PROJECT SUMMARY: Novel treatment strategies for cancer The urgent need to develop effective treatments for non-clear cell renal cell carcinomas (NCCRCC) is underscored by consistently poor overall survival, despite decades of clinical trials. This is because there are no biologically rational treatments for NCCRCC, compared to conventional clear cell renal cell carcinomas. Accordingly, the lack of therapies for NCCRCC is a critical clinical unmet need. We addressed this need by developing a novel JAK and AKT inhibitor combination treatment that blocked the growth of NCCRCC cancer cells invitro and in mouse models. Importantly, we discovered a non-genomic early adaptive survival signal following JAK-AKT inhibition therapy characterized by a “lipid reprogrammed” transcriptional state. This non-genomic metabolic adaptation resulted in phospholipid hydrolysis to mobilize lysophospholipids and free fatty acids to sustain fatty acid oxidation and oxidative phosphorylation. Our objective is to definitely establish the mechanistic and functional basis for this observed effect. This leads us to hypothesize that the induction of metabolic catastrophe is essential to inducing cytotoxicity. We will test this hypothesis as follows: In Aim 1, we will explore how mitochondrial biogenesis and dynamics converge to increase respiration in the setting of metabolic stress. Next, in Aim 2, we will elucidate how lysophospholipids and fatty acids are marshalled to maintain cancer cell survival despite nutrient depletion. Importantly, in both aims we will seek to discover molecular targets that can potentially lead to even more potent therapeutic combinations. The extension of this research to the broader scientific and clinical community will be significant because this work will establish the framework for co-targeting of signaling and metabolic pathways to improve and extend the lives of patients with NCCRCC.

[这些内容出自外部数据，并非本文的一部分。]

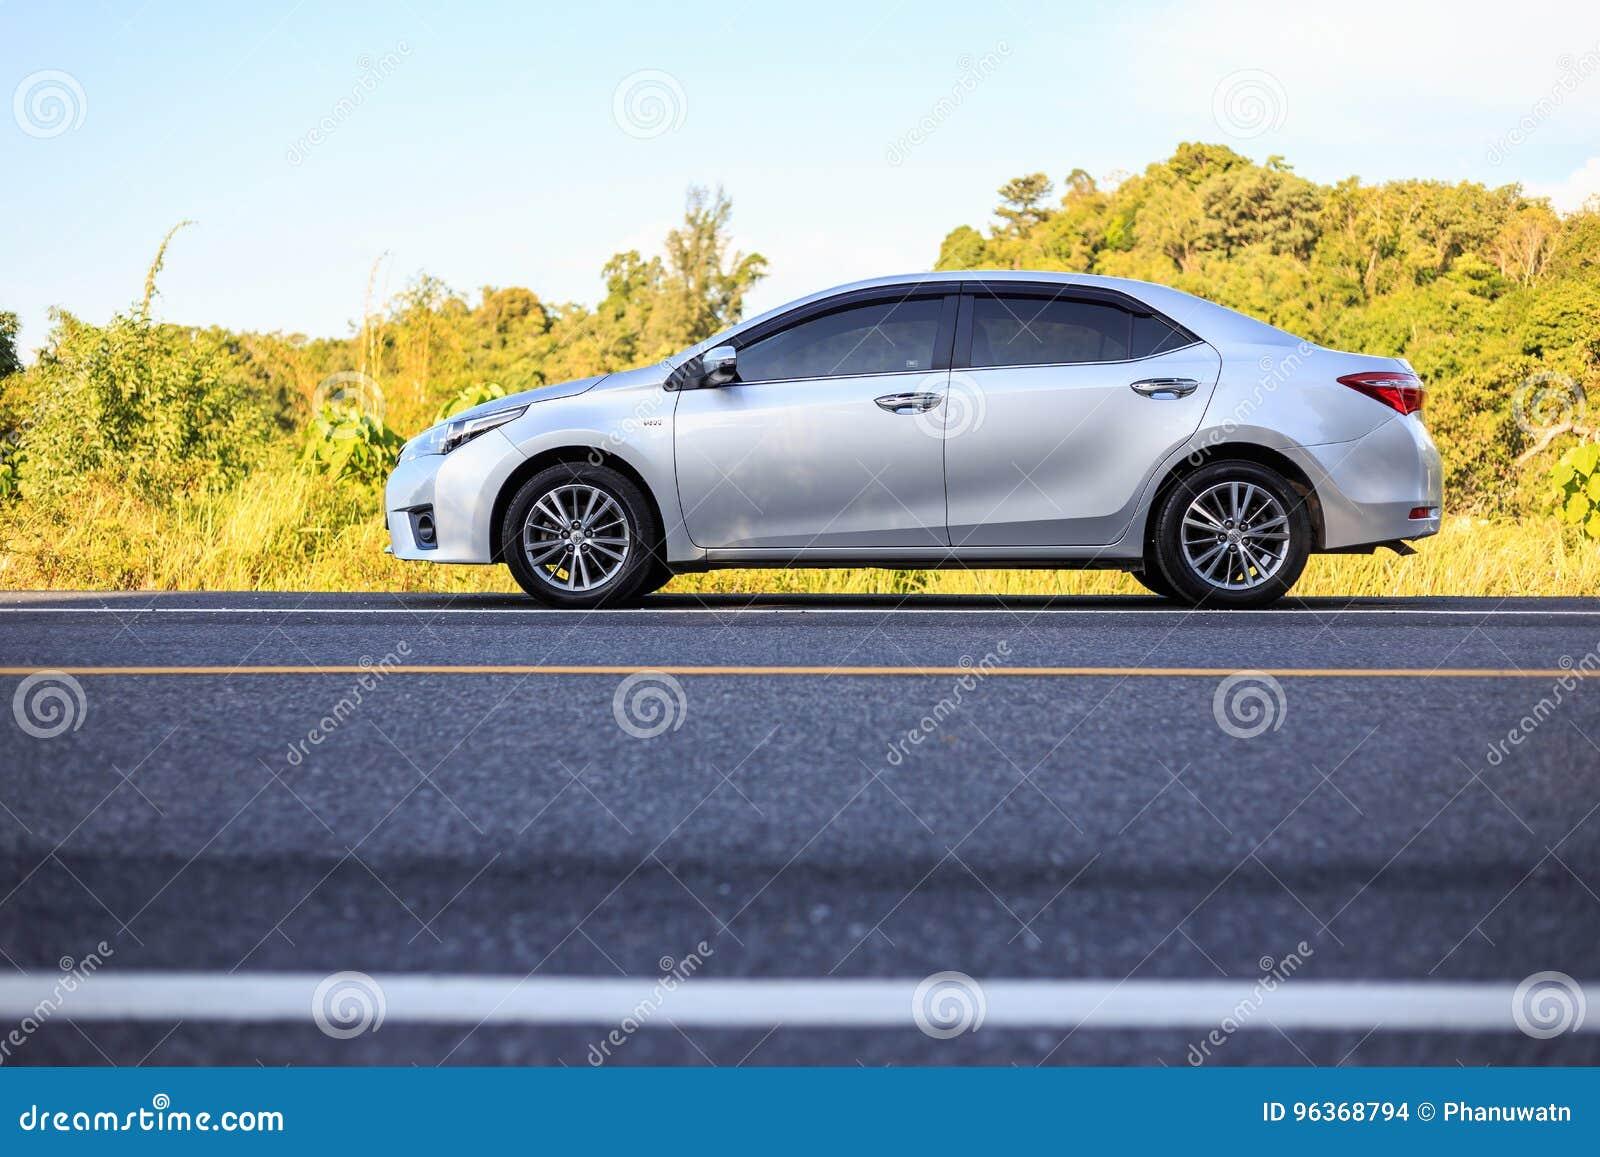 PHUKET, THAILAND - JUNI 16: Het parkeren van Toyota Corolla Altis op

项目总结：癌症的新治疗策略 尽管进行了数十年的临床试验，但非透明细胞肾细胞癌（NCCRCC）的总生存率一直很低，这突出了开发有效治疗方法的迫切需要。这是因为与传统的透明细胞肾细胞癌相比，NCRCC没有生物学上合理的治疗方法。因此，NCRCC缺乏治疗是一个关键的临床未满足的需求。 我们通过开发一种新的JAK和AKT抑制剂组合治疗来解决这一需求，该治疗可以在体外和小鼠模型中阻断NCCRCC癌细胞的生长。重要的是，我们发现了JAK-AKT抑制治疗后的非基因组早期适应性生存信号，其特征在于“脂质重编程”转录状态。这种非基因组代谢适应导致磷脂水解以动员溶血磷脂和游离脂肪酸来维持脂肪酸氧化和氧化磷酸化。我们的目标是明确建立这种观察到的效果的机制和功能基础。这使我们假设，诱导代谢灾难是必不可少的诱导细胞毒性。我们将测试这一假设如下：在目标1中，我们将探讨如何线粒体生物合成和动力学收敛，以增加呼吸代谢应激的设置。接下来，在目标2中，我们将阐明溶血磷脂和脂肪酸如何在营养耗尽的情况下维持癌细胞存活。重要的是，在这两个目标中，我们将寻求发现可能导致更有效的治疗组合的分子靶点。 将这项研究扩展到更广泛的科学和临床社区将具有重要意义，因为这项工作将建立共同靶向信号传导和代谢途径的框架，以改善和延长NCCRCC患者的生命。